Integration Platform as a service (iPaaS) may sound like a grandiose concept cooked up in the backrooms of some analyst firm, but it's a real and useful thing. iPaaS -- essentially a cloud-based integration broker -- has become a tangible and essential way to respond to the never-ending complexity of today's multi-cloud world and multi-system world.

A recent survey of 900 IT leaders, conducted by Vanson Bourne associates for Dell Boomi, finds of those who have integration solutions in place, 43% are iPaaS based. Another 43% intend to move to iPaaS in the near future. In addition, these IT executives see their integration strategy as having a direct effect on the business at large, potentially delivering millions of dollars in potential cost savings and revenue growth. The study found that the level of organizational connectivity is set to nearly double within a six-year period, and that organizations are adopting iPaaS technology as deployment of cloud applications continues to accelerate.

At the same time, the survey points to another shift -- a recognition that what happens in the IT department, and how successfully clouds and on-premises infrastructure can be brought together for a single view of the business, has a direct impact on the success of the business. It's no longer just an "IT thing."

Close to nine in 10 IT leaders see a direct connection between their integration efforts and the growth of their businesses, the survey finds. There's a cost-savings impact as well - to the tune of $3 million per organization, on average. Most agree that difficulties in pulling together all these disparate systems and data is costing their business. Two-thirds, 67%, feel they have missed business opportunities as a result of poor integration, and 59% even see poor integration as the an Achilles heel" for their organizations.

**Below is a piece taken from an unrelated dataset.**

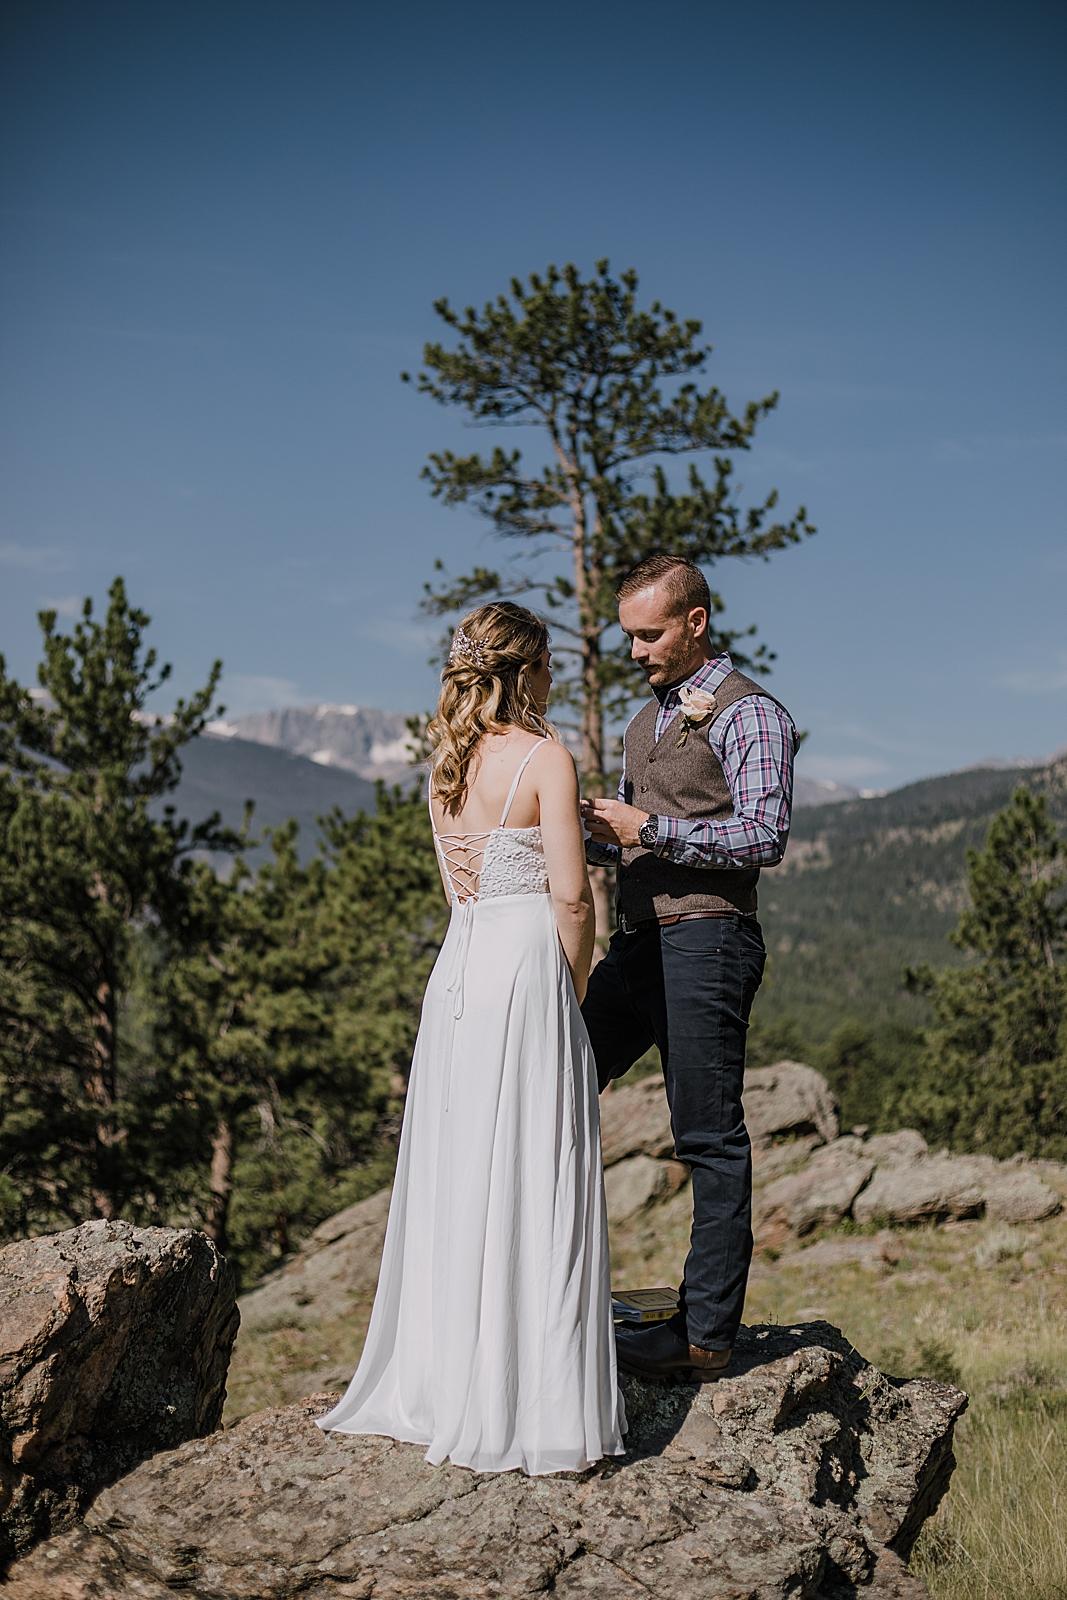 elopement ceremony, rocky mountain national park elopement, 3M curves elopement, self solemnizing, self solemnization, long's peak ceremony, hiking elopement, estes park elopement

"As customers consumes and acquire more SaaS applications, it distributes data to all these siloes and breaks apart these business processes," McNabb says. "It breaks governance capabilities -- how do you set up a user across a landscape with 30 different systems by 30 different vendors? How do I manage changes to my data?" To tackle today's complexities, IT leaders need to look at the bigger picture, beyond mere integration. "It's no longer an integration problems anymore. It's a data management problem," says McNabb. "How do come up with data management and governance across this landscape? How do you ensure quality data across all these vendors?"

As top benefits, respondents cited improved productivity (73%), improved data accessibility (68%), more efficient workflows (57%), increased profitability (54%) and faster, more accurate decision-making (48%).

Respondents also cited other "crucial outcomes" of integration as the ability to improve operational efficiency (54%), be more responsive to customer needs (50%), enable faster innovation (48%), connect data and workflows for insights (46%) and validate and enrich data for better data quality (44%).

In addition, 89% of respondents agree that becoming a more connected business will help drive digital transformation within their organizations. Among those using iPaaS, 74% said it has made their organizations smarter, while 72% said faster.

From a technology perspective, respondents said that an integration solution should improve data integrity (61%), ensure information security (59%), offer end-to-end connectivity in a single platform (55%), accelerate workflow implementations (48%) and allow for faster innovation (46%).

(Disclosure: I was an invited guest at the Dell Boomi's user conference, which also assisted with travel expenses.)